*WHAT IS EXPECTED*
Write out the following listing's lines from the one with "VERY RARE LARGE" to the one with "teacher, students and school coloring page", exactly, with both included and no others.

*MATERIAL SHOWN*
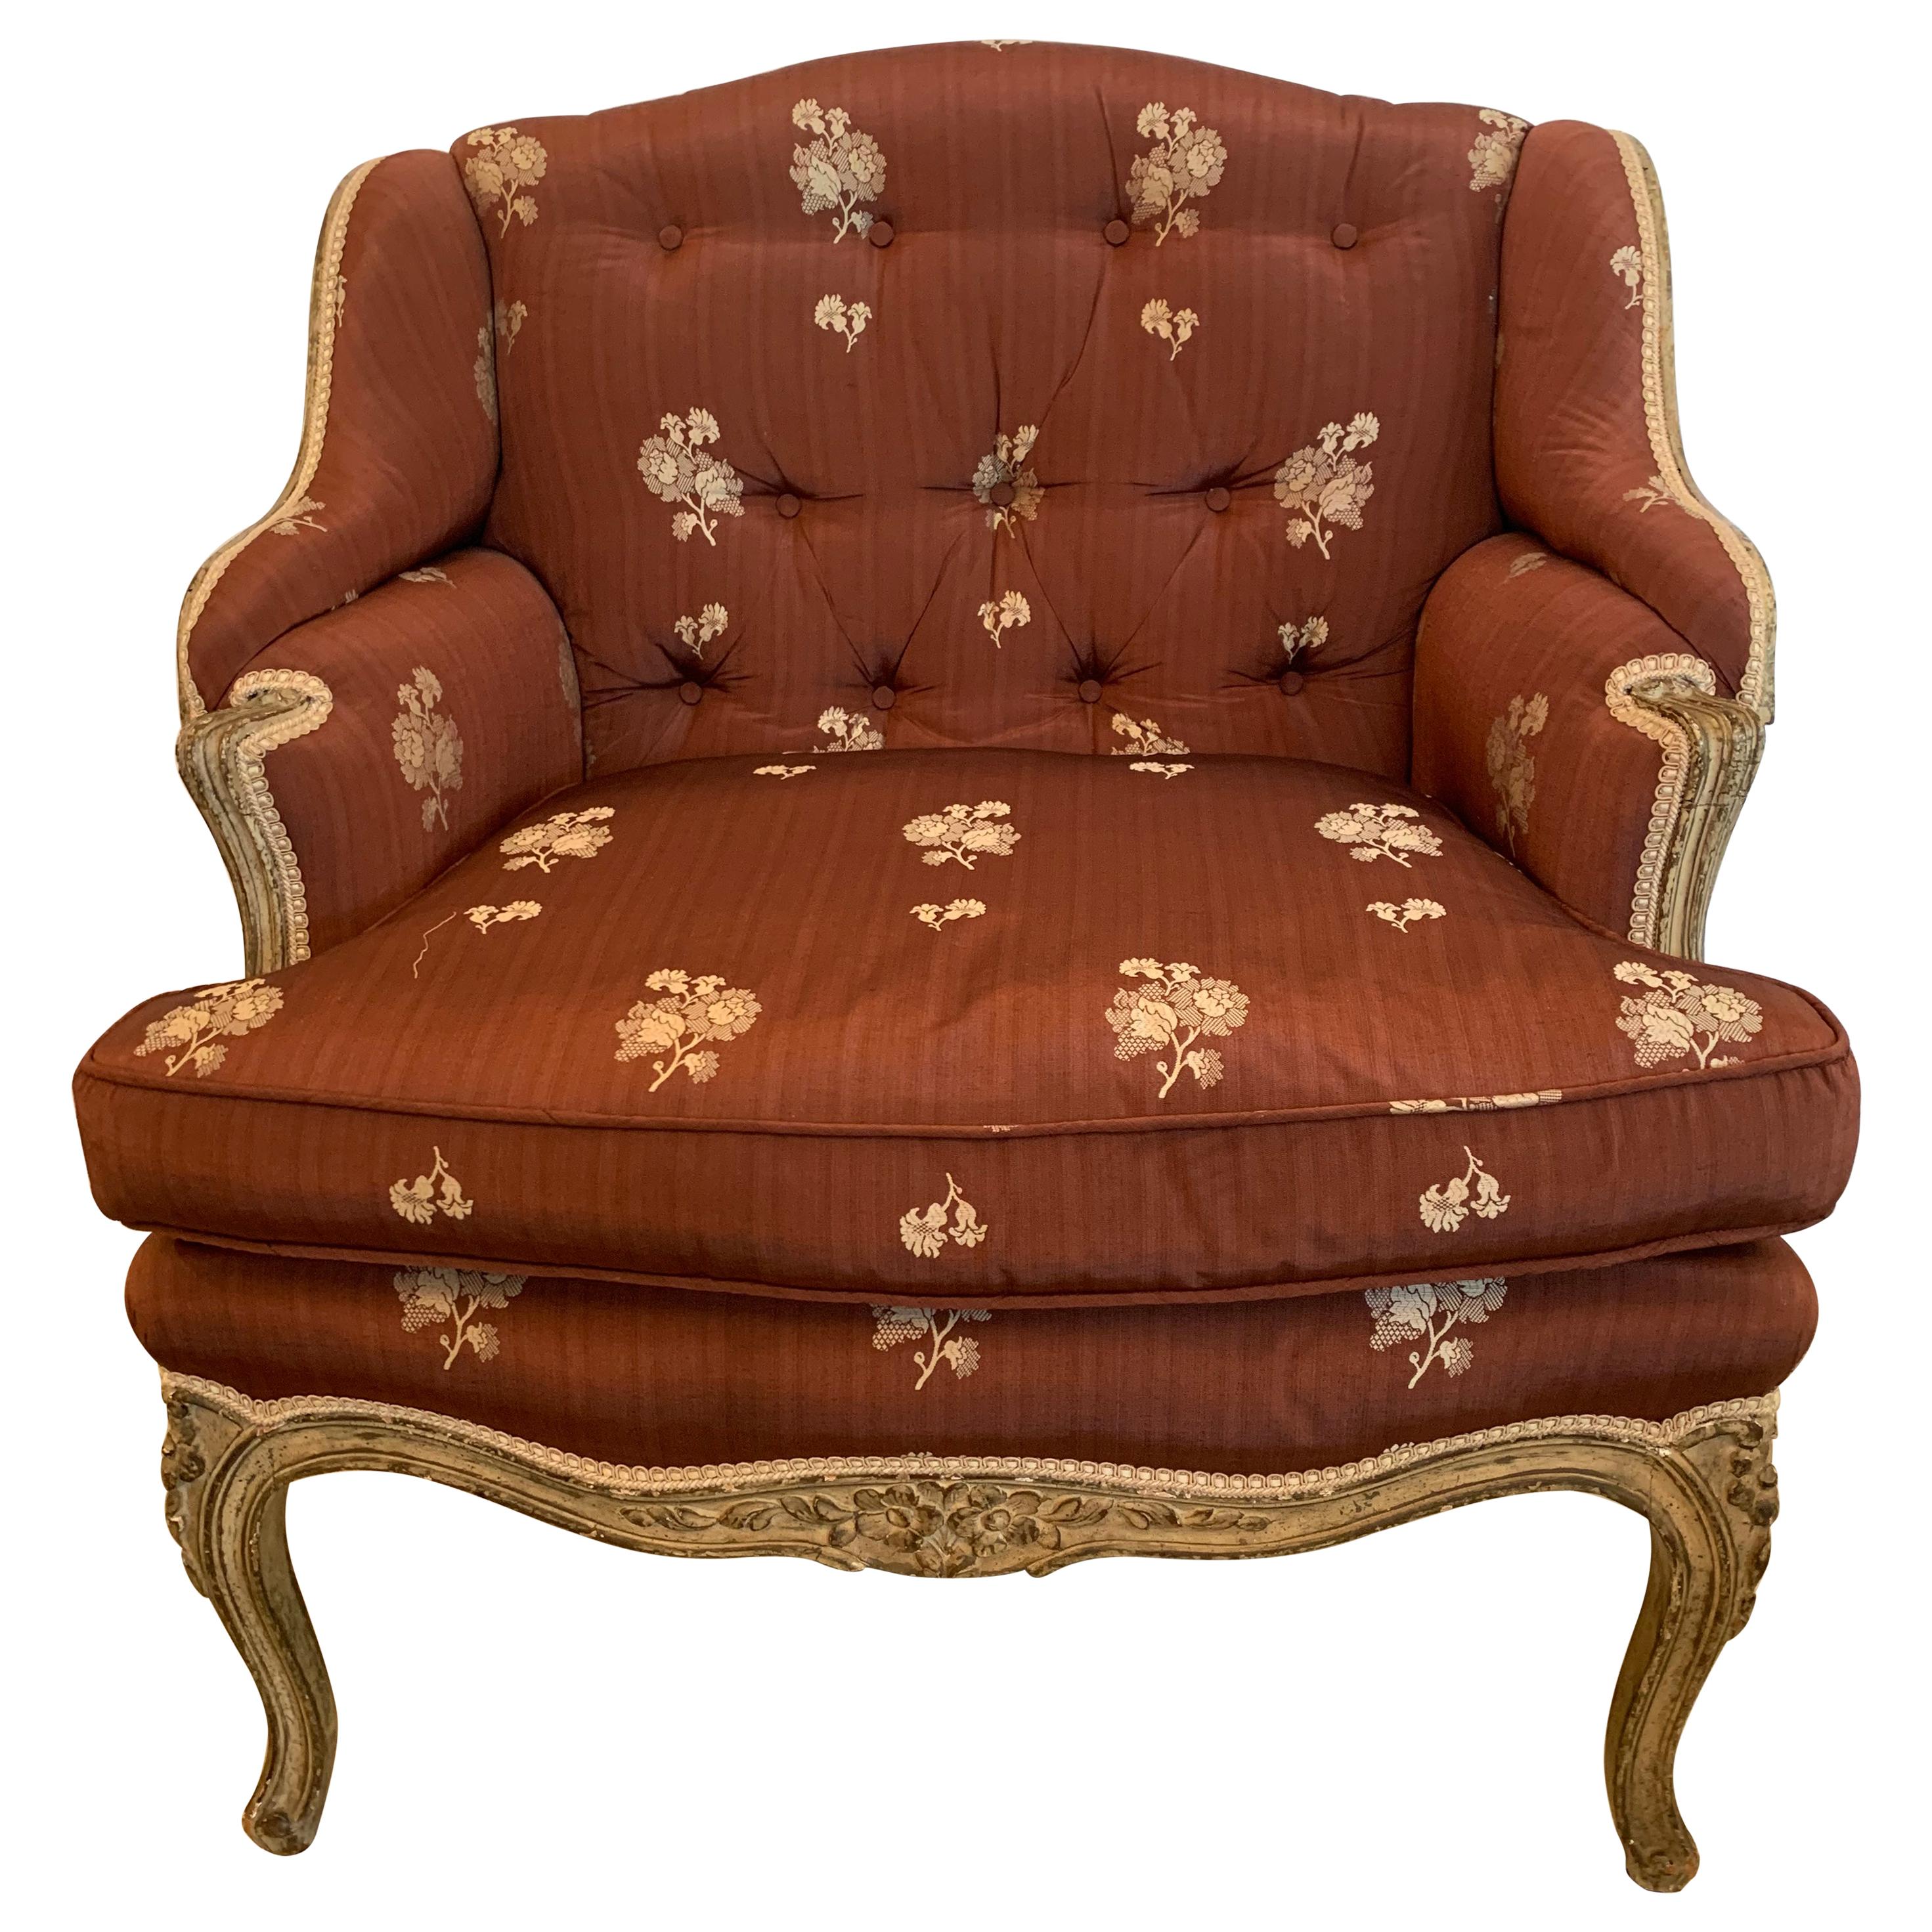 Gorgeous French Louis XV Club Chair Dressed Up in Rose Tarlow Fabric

* * *

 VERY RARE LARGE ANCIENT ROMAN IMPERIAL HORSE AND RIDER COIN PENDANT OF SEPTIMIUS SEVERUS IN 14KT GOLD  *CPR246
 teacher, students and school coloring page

*YOUR RESPONSE*
 VERY RARE LARGE ANCIENT ROMAN IMPERIAL HORSE AND RIDER COIN PENDANT OF SEPTIMIUS SEVERUS IN 14KT GOLD  *CPR246
 teacher, students and school coloring page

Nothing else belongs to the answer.